Rytz, Kaufman and another man jumped from a train taking them to another death camp.

After a few nights in a forest, the pair joined the Polish partisans, with whom they participated in different missions with the goal of blowing up railway lines and bridges.

“After some days we received word that the partisans were planning to kill us, as they too did not like us Jews,” writes Rytz.

The pair escaped the partisans, but were soon captured again and taken to a forced labour camp in the German-occupied town of Skarżysko-Kamienna, about 150 kilometres south of Warsaw.

At the labour camp Kaufman and Rytz decided to attempt another escape, through a sewer, and also with a third prisoner.

“The spotlight fell on the first man who came out of the sewer pipe, and he was shot. As we came out, we raised our hands so we were captured and taken back to the camp,” writes Rytz.

In 1944, as the Russians encroached on Nazi-occupied territory, Rytz was transported to Czestochowa and then to Germany, to the Buchenwald subcamp Dora-Nordhausen. On the way to Buchenwald, Rytz was separated from his protector and companion, Kaufman.
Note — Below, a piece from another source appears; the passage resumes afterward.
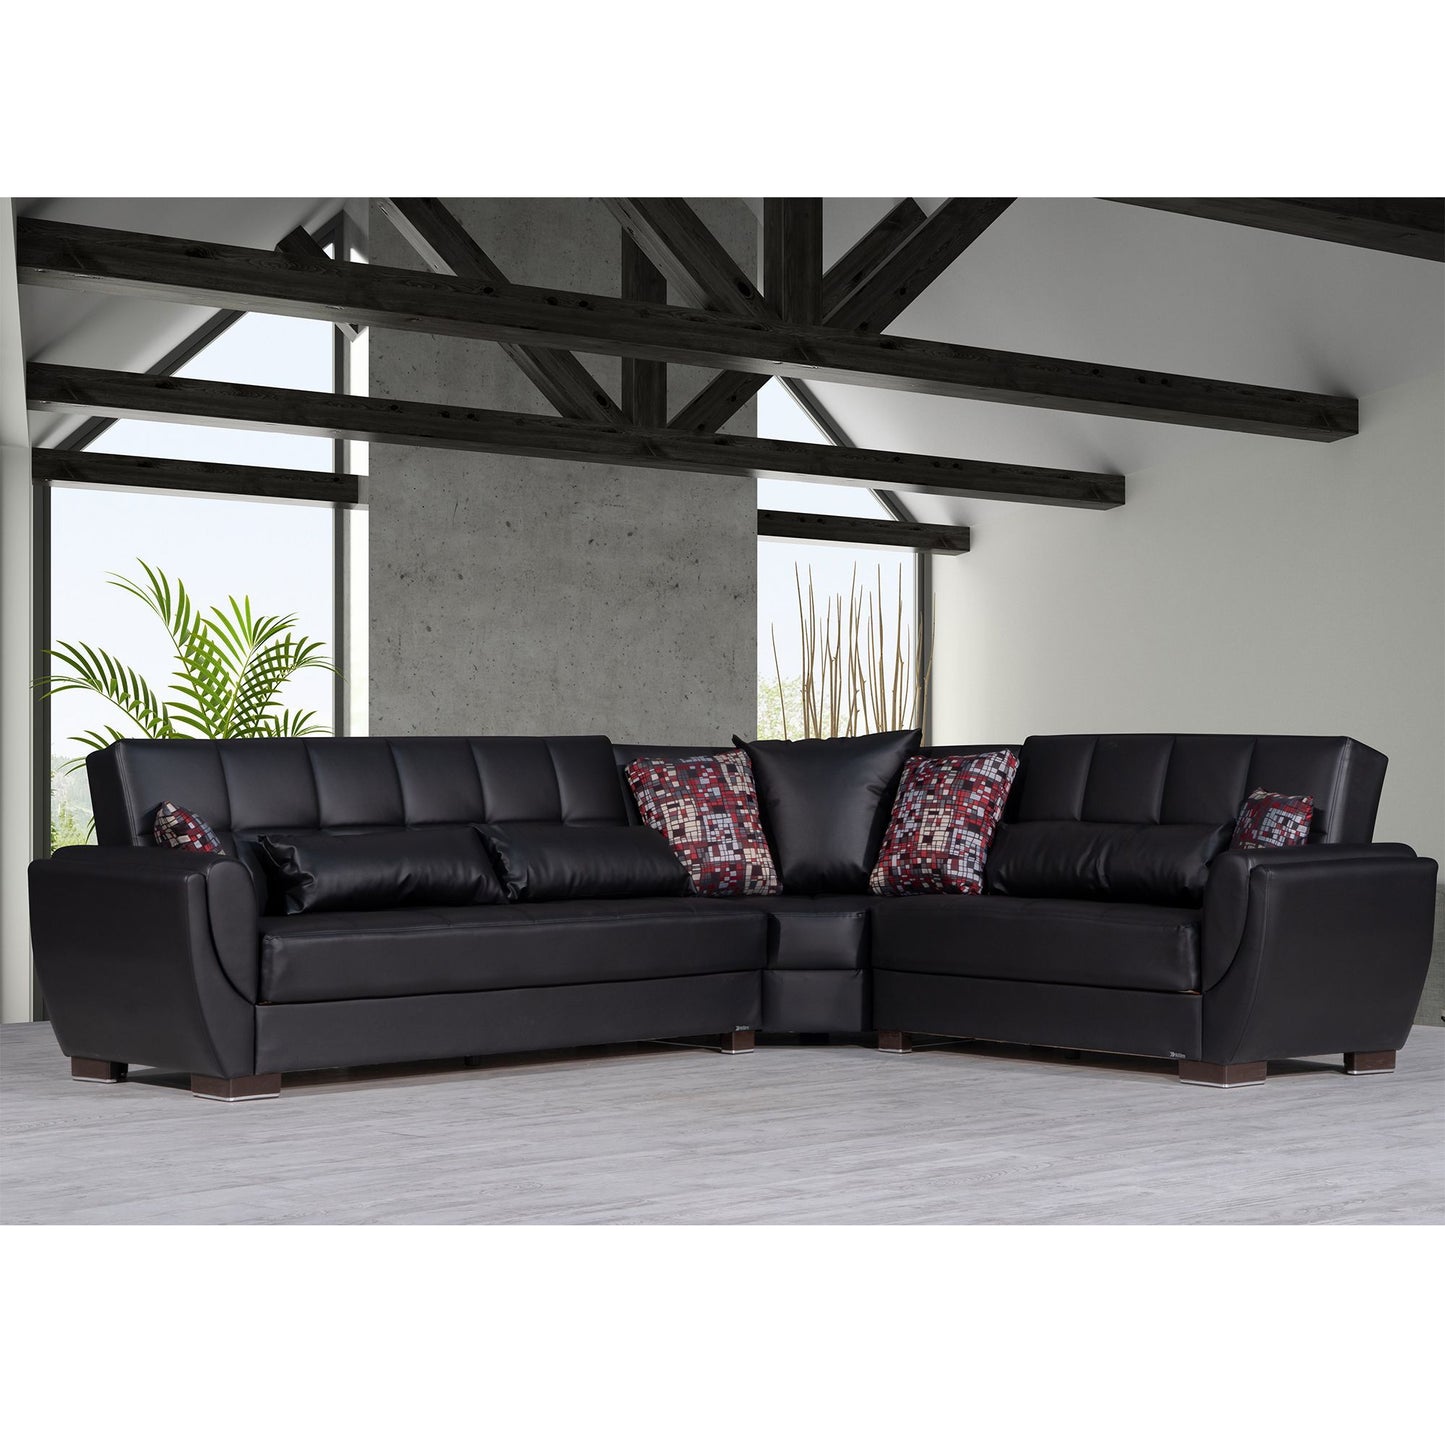 Ottomanson Armada Air - Convertible Sectional With Storage
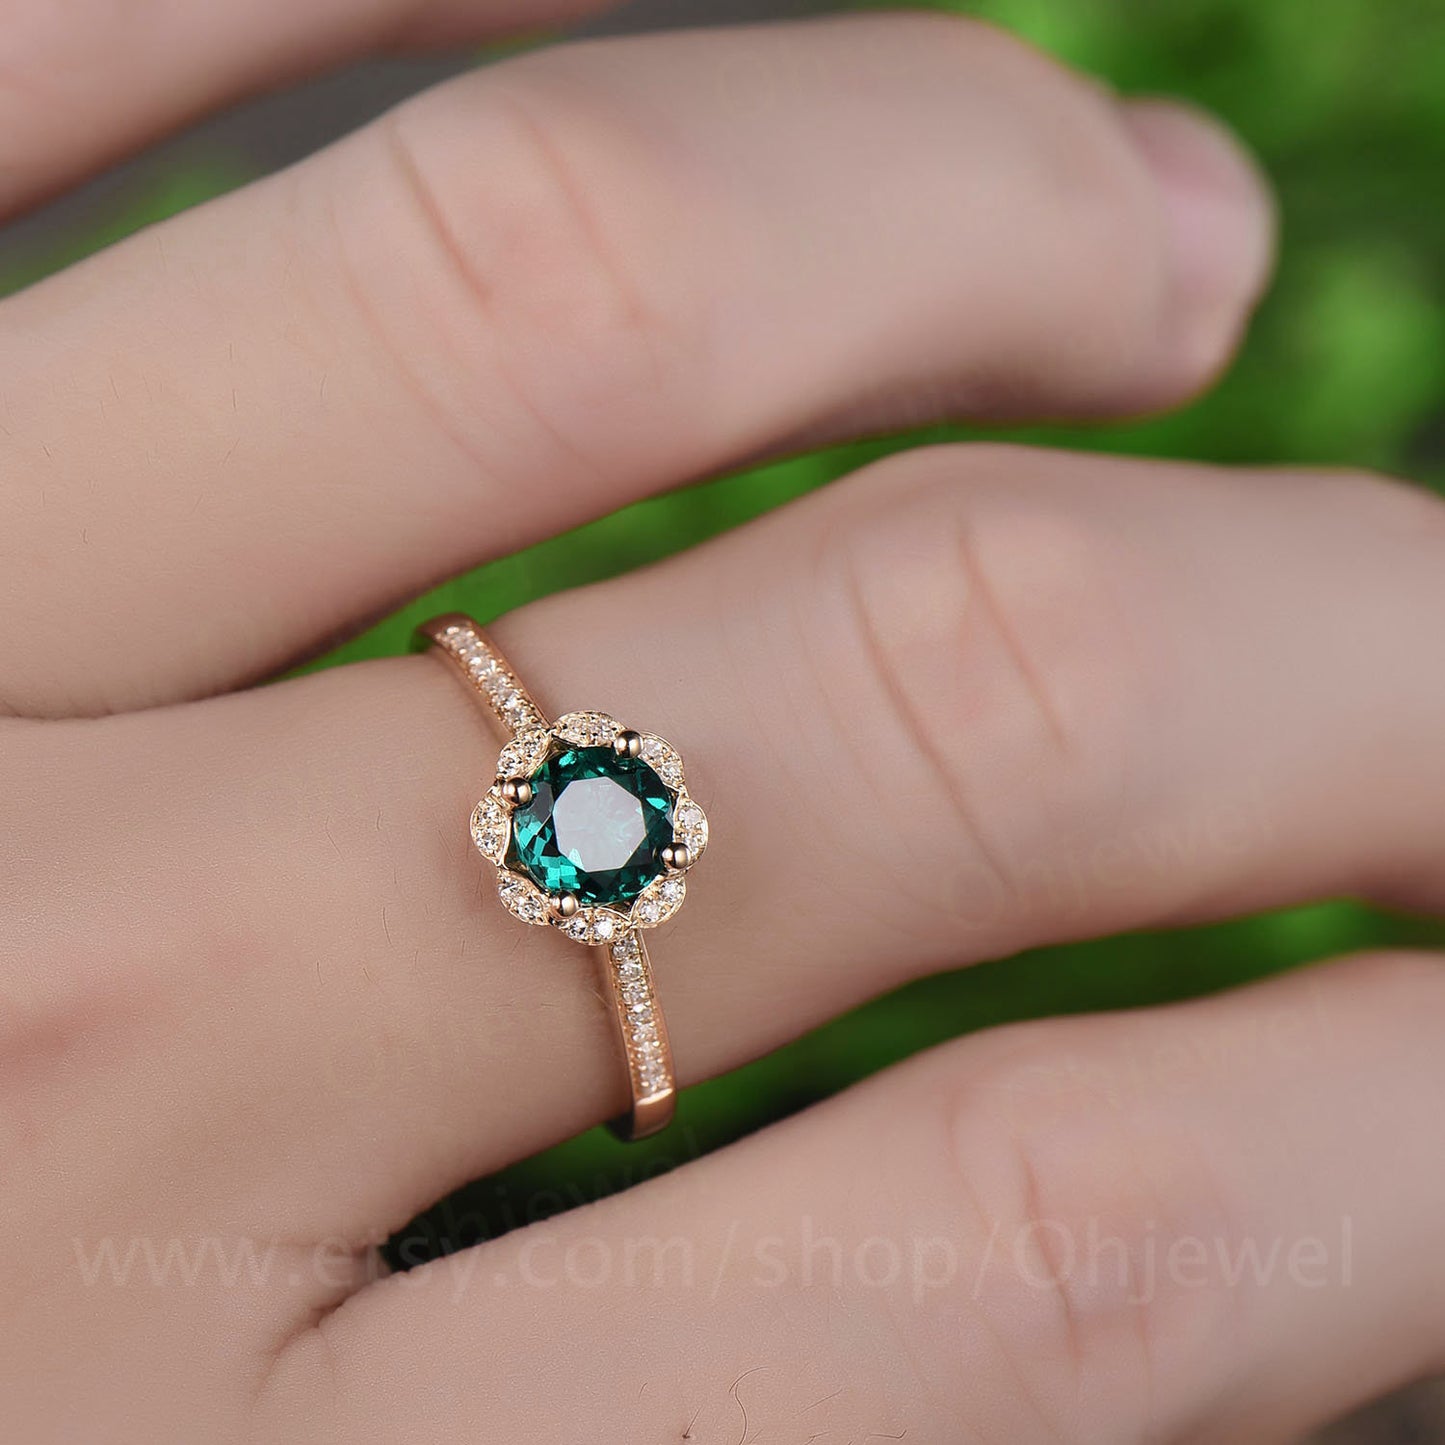 0.6ct flower green emerald engagement ring yellow gold 14K/18K emerald ring gold vintage May birthstone halo diamond wedding ring jewelry

In February 1945 Rytz was taken 300 kilometres away to Bergen-Belsen, where he was placed among the Russian prisoners of war. Ahead of Bergen-Belsen’s April 1945 liberation by British forces, Rytz had already left the camp, taking advantage of the increasingly “chaotic” situation.

In the spring of 1945, a co-operation of some 300 Swedish Red Cross and Danish government workers set about rescuing prisoners from concentration camps. In Sweden, Rytz, along with other Jewish youth, was put under the protection of the Zionist organisation Hechalutz (the Pioneer) and sent to a “Kibbutz school” to prepare for resettlement in British Mandate Palestine.

Rytz stayed in Sweden, where he worked in textile and eventually established his own company in 1955.